Last-minute fliers are getting shut out before they reach their departure gate as airports step up their enforcement of stated check-in times, according to a report published Tuesday.
Airlines intent on making on-time departures are saying no to more fliers who don't check-in on time, according to a USA Today report.
"They're absolutely getting stricter," Terry Trippler, an air travel expert at Cheapseats.com told the newspaper.
Missing a flight can translate into added costs in the form of ticket-change fees and fare differences, the report said. But airlines consider each passenger's reason for late arrival and can also choose to waive the added costs, it said.

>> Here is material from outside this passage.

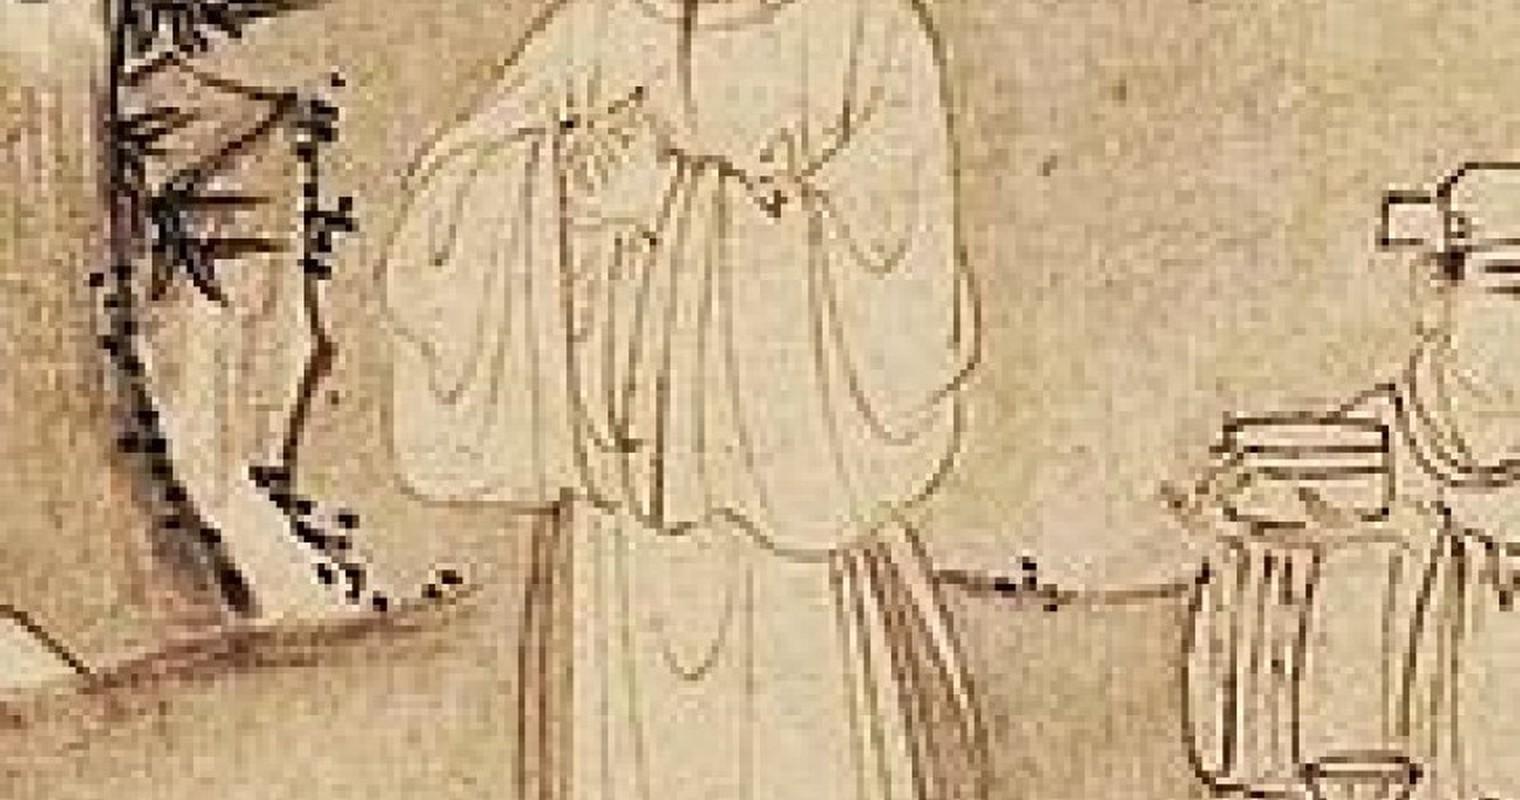 Nhung viec lam ky la cua vua hen Tran Phe De-Hinh-6

The newspaper conducted a survey of the check-in policies of 18 U.S. airlines and found that fewer than half of the airlines guarantee that a passenger who misses a flight will be booked on the next available flight for no charge.
Airlines say their late check-in policies are flexible, the newspaper reported. A Continental Airlines spokeswoman told the newspaper that late passengers may be denied boarding and charged a fee but are generally accommodated on the next flight without charge.
A United spokeswoman said in the report that United won't book late-arriving passengers for free on another airline's flight.
Travelers who like to cut it close at the airport should check-in online and print out their boarding pass before arriving at the airport, Charles Franklin, a travel manager for an auto manufacturer, recommended in the report.
Printing out a boarding pass ahead of time allows fliers to go directly to the gate without having to meet an airline's ticket counter check-in time, USA Today said.
Fliers should also keep track of check-in requirements, which can vary. For example, passengers flying Delta Air Lines with no bags to check have to show up at the ticket counter 15 minutes before most domestic flights, while those with bags to check are required to arrive 30 minutes in advance, the report said.